* _REQUIRED WORK_: Word for word, reproduce the listing that follows, excluding any pictures it contains.

++++ GIVEN MATERIAL ++++

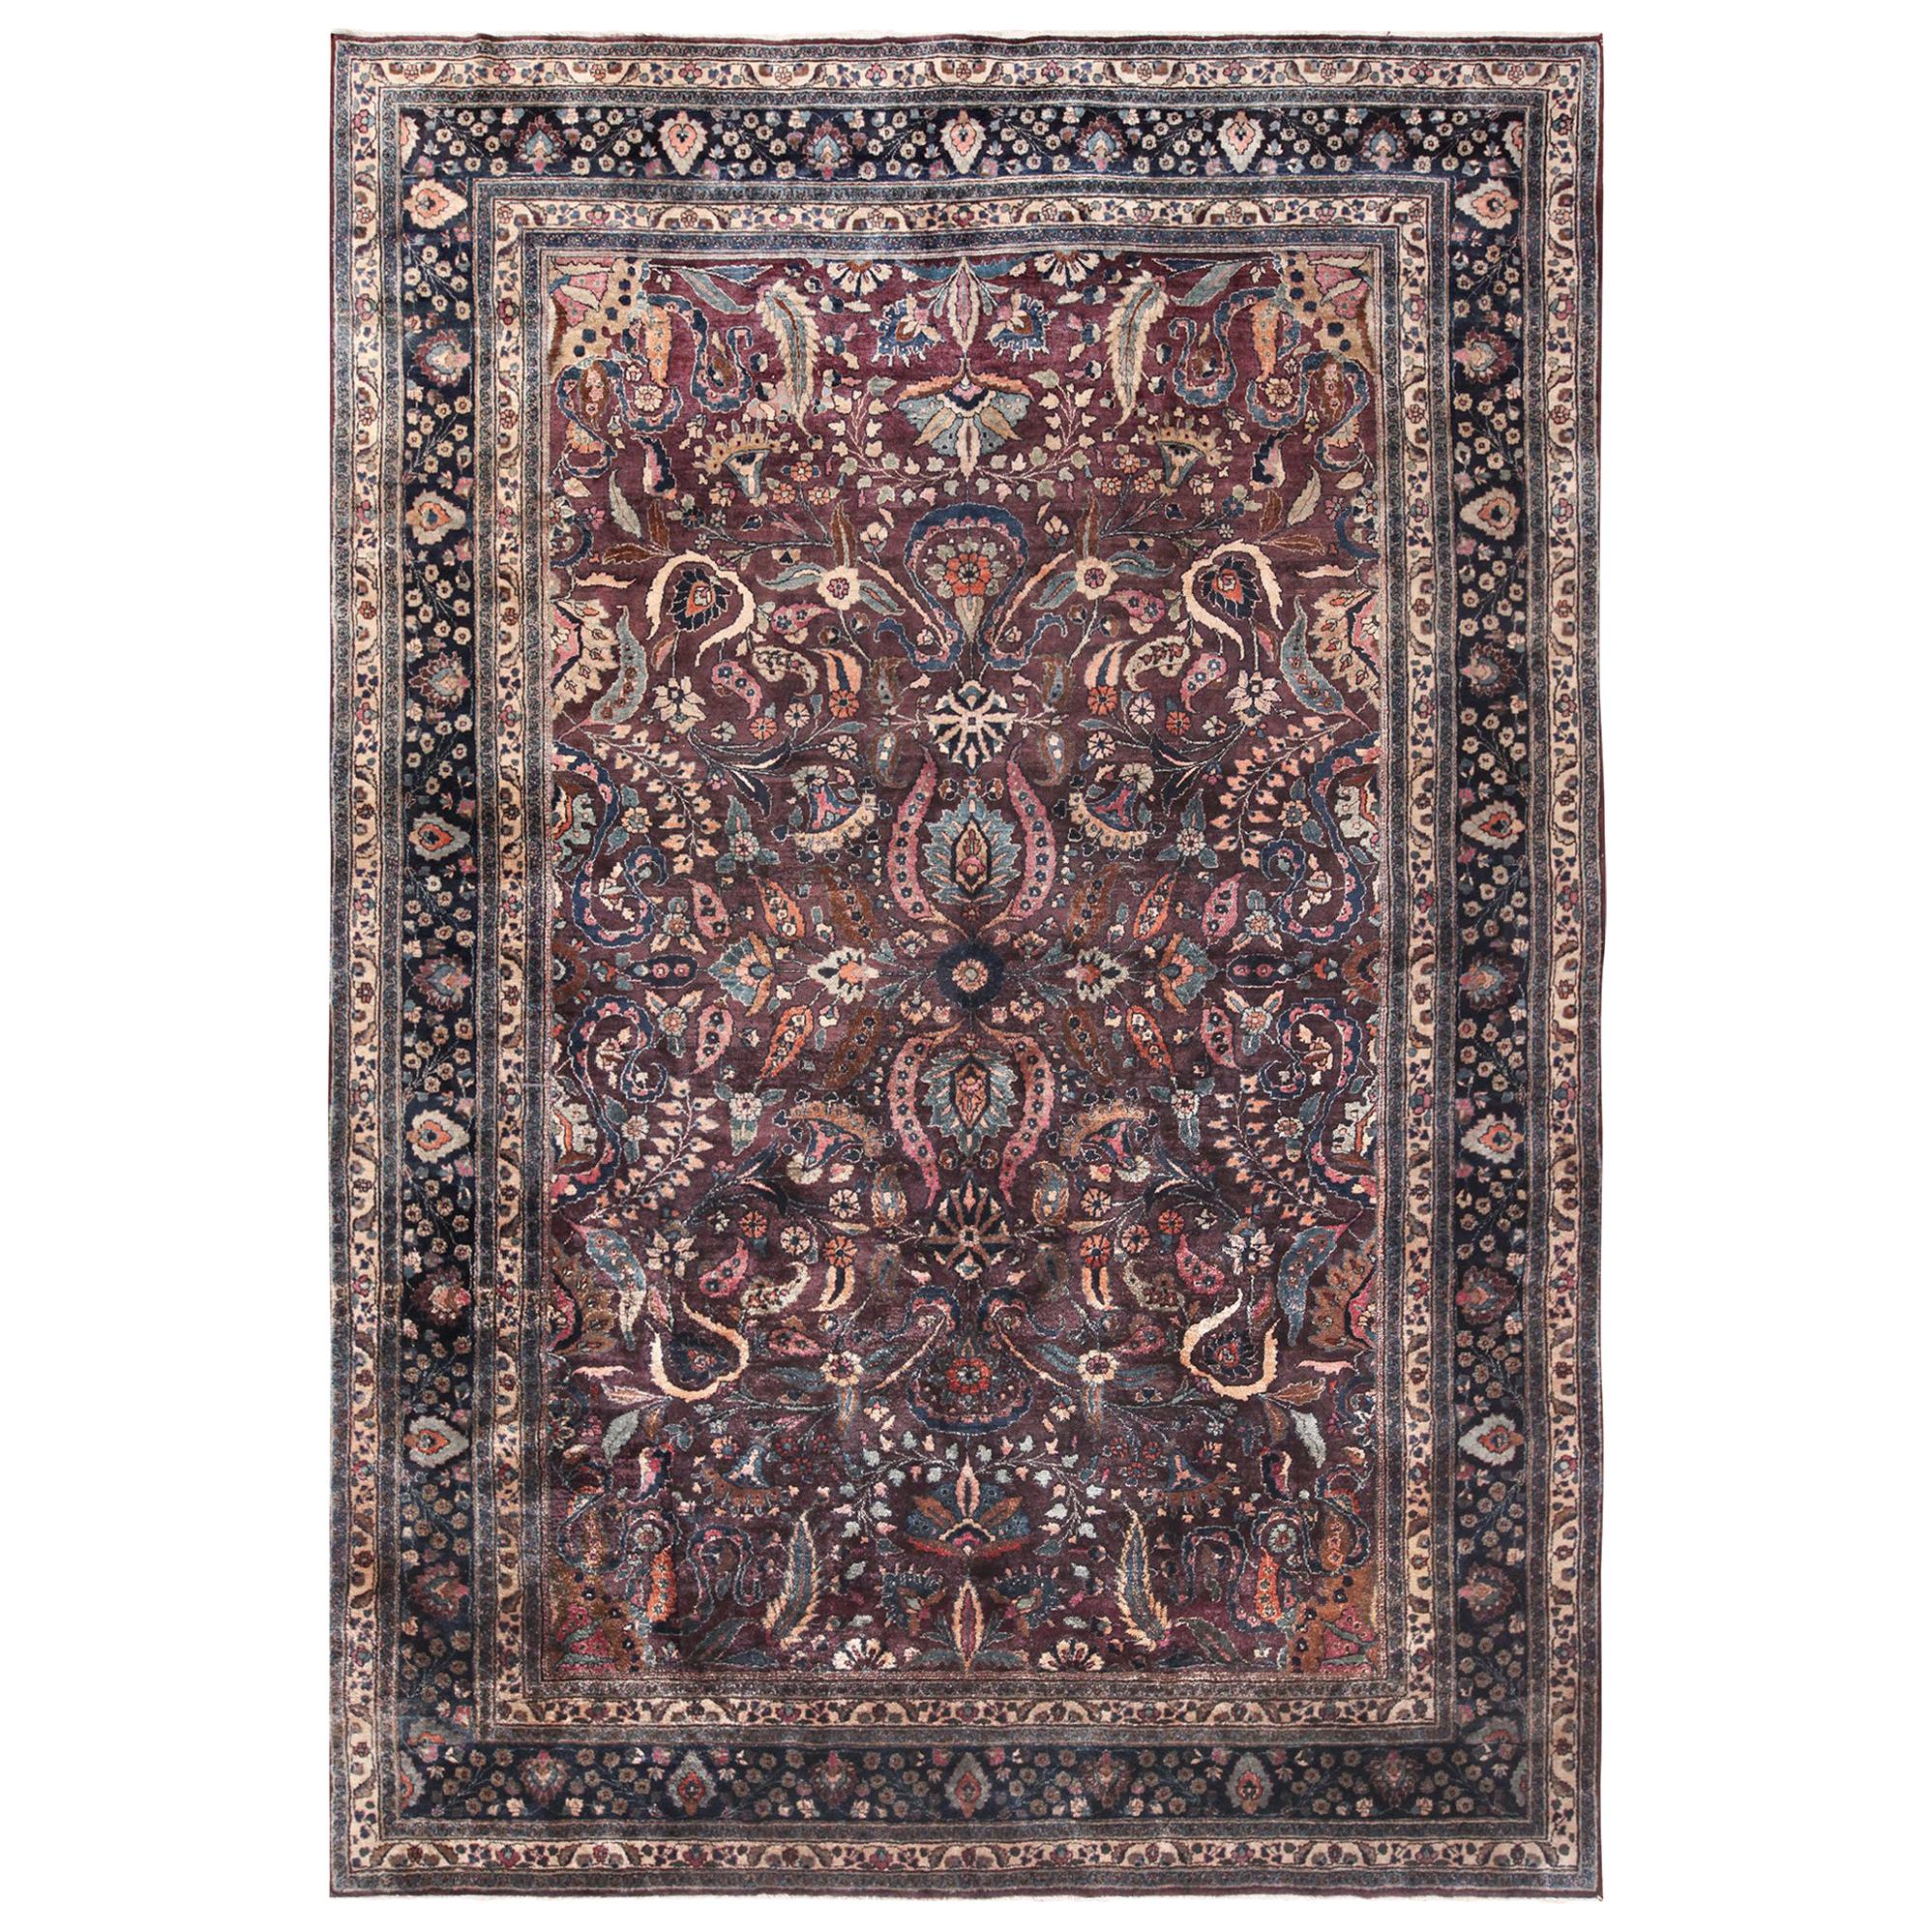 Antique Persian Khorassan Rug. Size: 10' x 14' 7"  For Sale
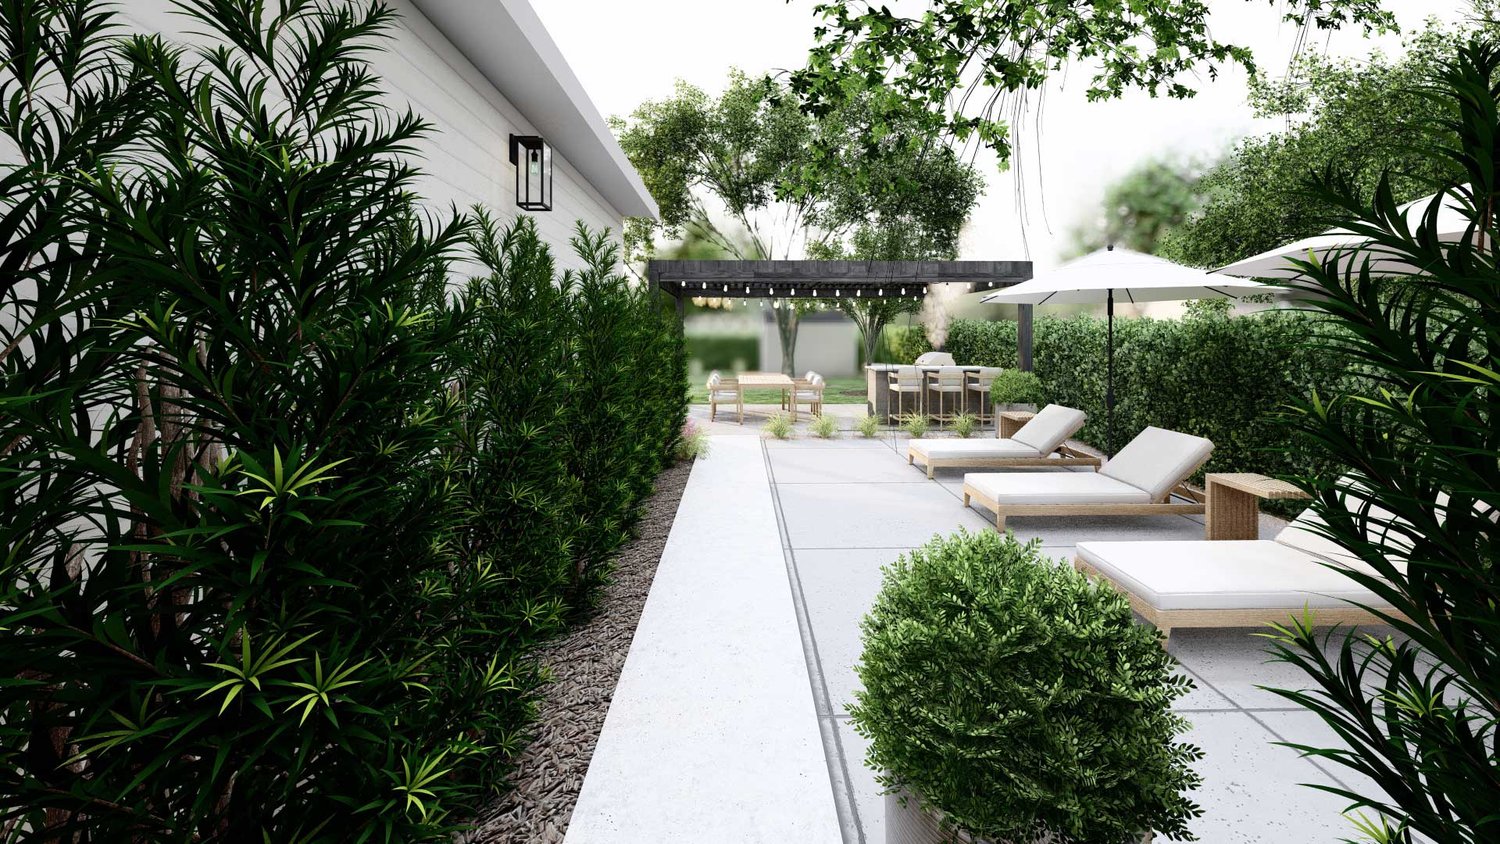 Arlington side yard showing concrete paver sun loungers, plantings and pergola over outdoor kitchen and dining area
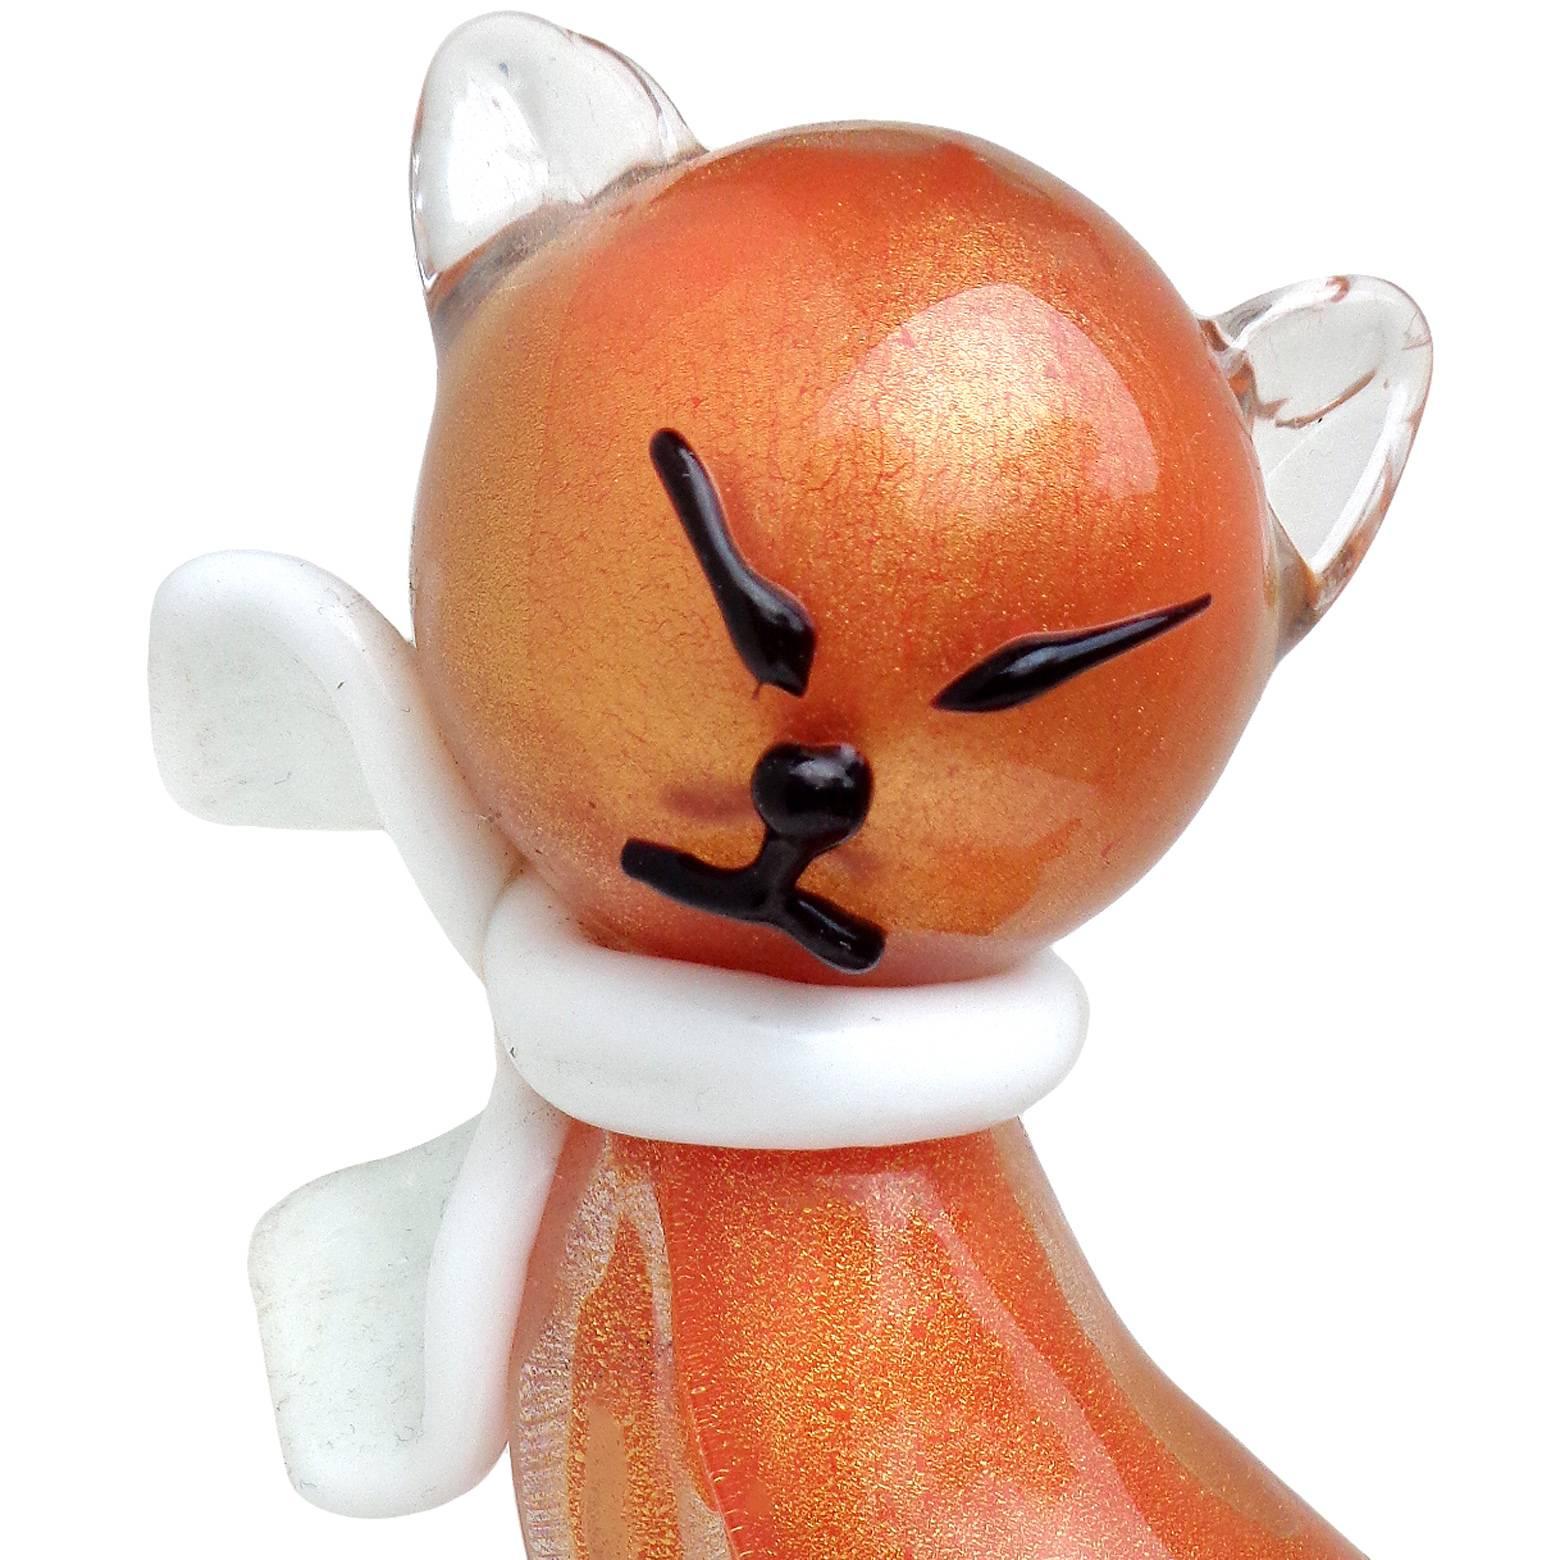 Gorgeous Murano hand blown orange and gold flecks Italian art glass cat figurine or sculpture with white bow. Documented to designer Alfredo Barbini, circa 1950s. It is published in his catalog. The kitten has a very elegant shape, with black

++++

* _FINISHED TASK_:
 Antique Persian Khorassan Rug. Size: 10' x 14' 7"  For Sale
 Arlington side yard showing concrete paver sun loungers, plantings and pergola over outdoor kitchen and dining area
 Gorgeous Murano hand blown orange and gold flecks Italian art glass cat figurine or sculpture with white bow. Documented to designer Alfredo Barbini, circa 1950s. It is published in his catalog. The kitten has a very elegant shape, with black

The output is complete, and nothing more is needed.